Project description, methodology
To achieve these objectives, the EXTREMA project implements an integrated approach encompassing the atmospheric, continental and marine environments in the coastal system of the Gulf of Lions. This study area was chosen for the following reasons:
- geosphere vulnerability (at the scale of the Gulf of Lions) to both extreme meteo-climatic events and pollutions,
- existence of a corpus of knowledge and experience acquired by project partners regarding the various environmental compartments of this coastal system,
- existence of available records and on-site experimental systems (observation networks and instrumentation).
This study area comprises various workshop areas: upstream Rhone and Tet catchment basin, estuaries and deltas of these two rivers, and Gulf of Lions from coastline to deep sea environment (base of continental slope).
Research is focused on two large families of contaminants: artificial radionuclides, which will also be used as tracers (Cs-137 and transuranic elements, covered more specifically in the IRSN's EXTREME project), and trace metals (particularly Pb, Zn, Cd and Cu).
The vulnerability of environments to the impact of extreme climate events over the next decades is assessed by modelling mass transfers in response to various climate change scenarios.

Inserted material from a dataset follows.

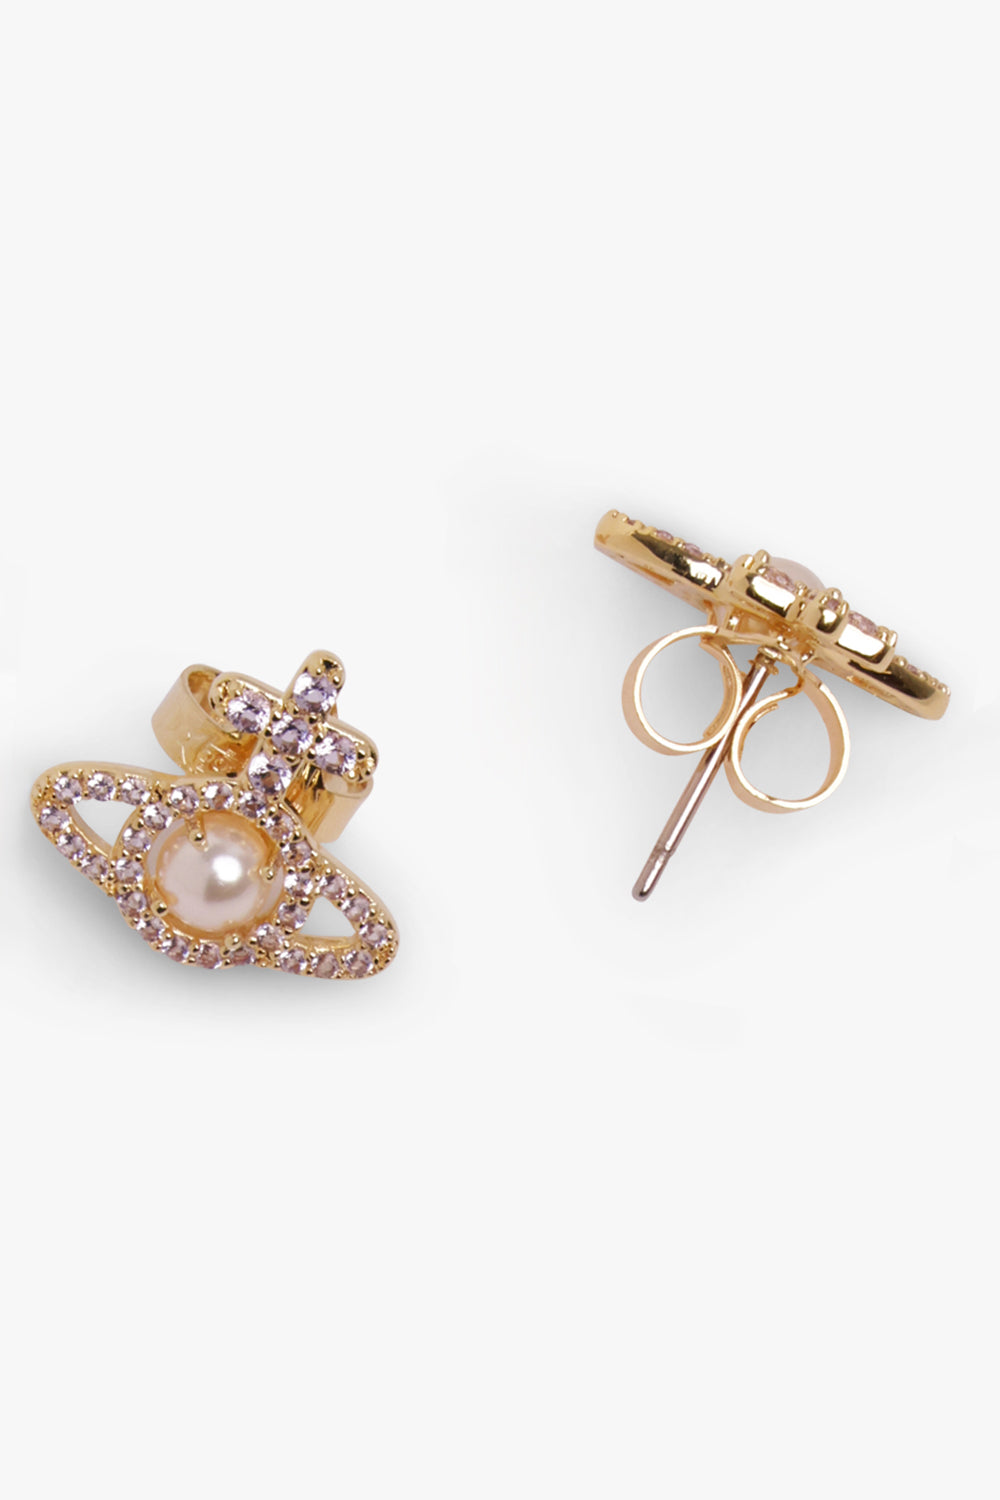 VIVIENNE WESTWOOD JEWELLRY GOLD / GOLD OLYMPIA PEARL EARRINGS | CREAM ROSE PEARL/GOLD
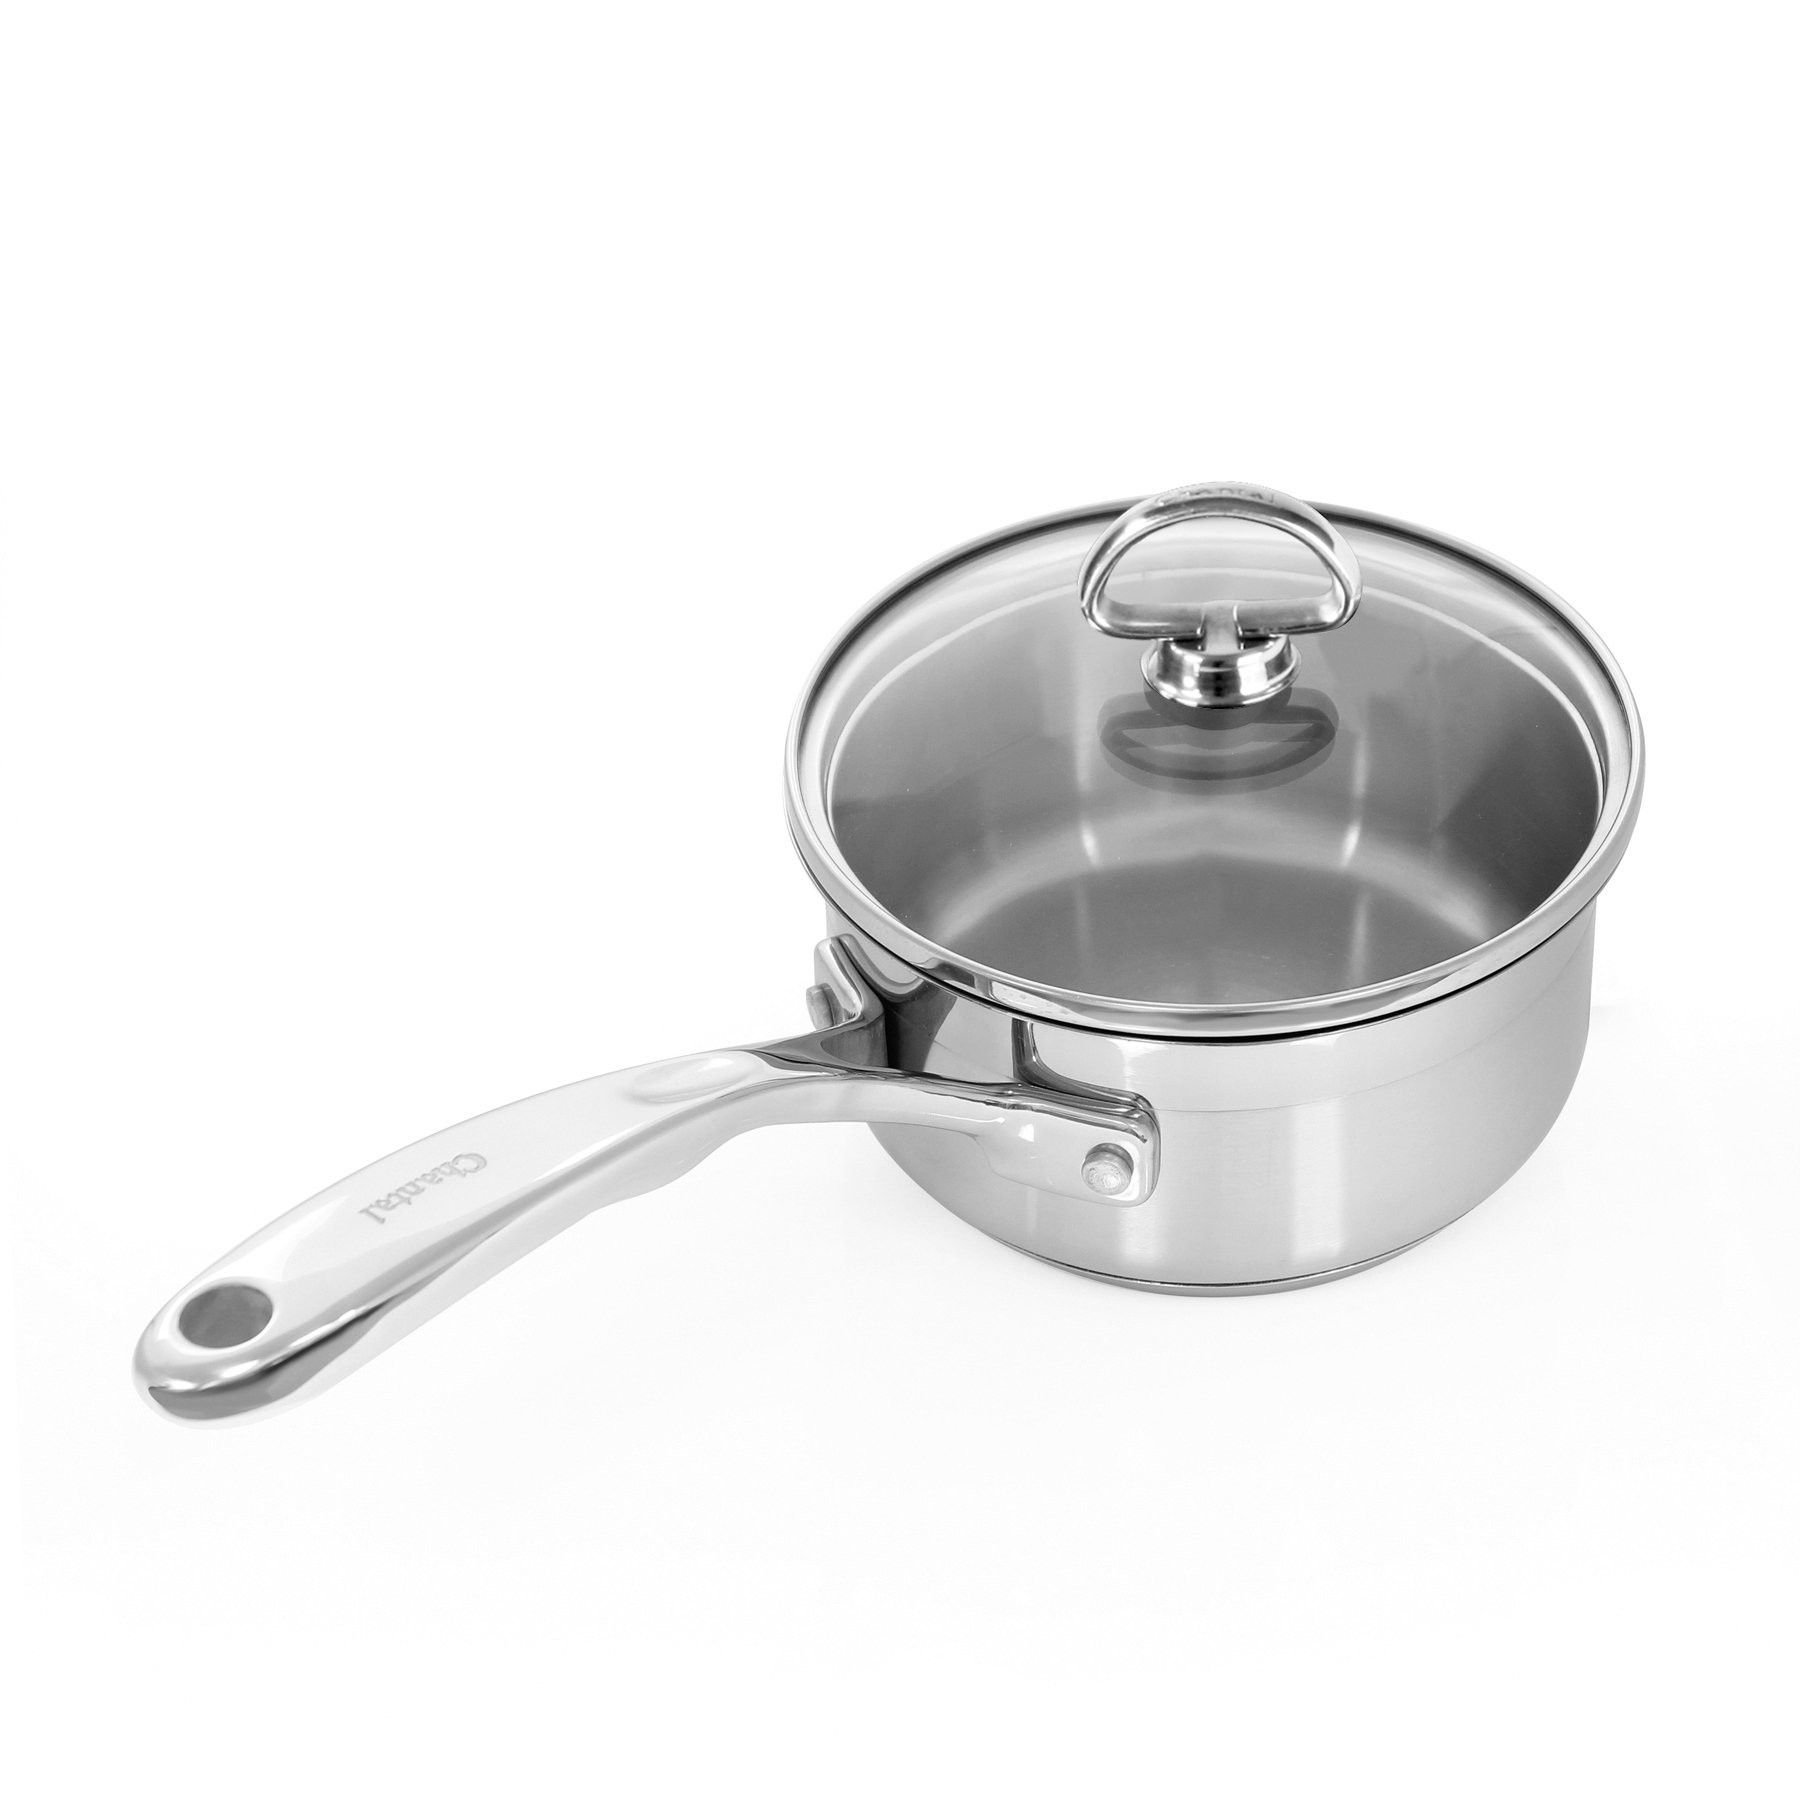 SAFINOX 18/10 Stainless Steel Tri-Ply Thermo Capsulated Bottom 3-Quart Sauce Pan with Glass Lid Dishwasher Safe Induction Ready

The multiple fields of expertise of partner teams (atmospheric physics, chemistry, geochemistry, morphology, sedimentology, oceanography, modelling) will allow the generation of new data and a combined analysis with historic data. The EXTREMA project should therefore yield the following results:
- determination of changes in frequency of extreme meteo-climatic events in the coastal area of the Gulf of Lions, based on historic records from the last century (precipitation, atmospheric dust, high waters, floods, storms, cascading),
- quantification of episodic flows generated by intense meteo-climatic events, as compared to annual average flows (liquid flow, solid flow, artificial radionuclides and associated trace metals),
- characterisation of the nature and typology of extreme flows, including the identification of preferential transfer vectors (suspended and bedload transport, dispersion and translocation, channels, etc.),
- establishment of empirical force-flow relations within the various workshop areas (large catchment basin, basin of limited size), useful both for extrapolations and predictive approaches,
- determination of the intensity of contaminant redistribution within the various compartments of the geosphere,
- identification of concentration/focalisation points and sink compartments,
- assessment of the duration of imbalances produced by extreme climate events (reversibility or irreversibility, threshold phenomena, sudden changes),
- assessment of the vulnerability of coastal environments to global climate changes over the next 20 to 30 years.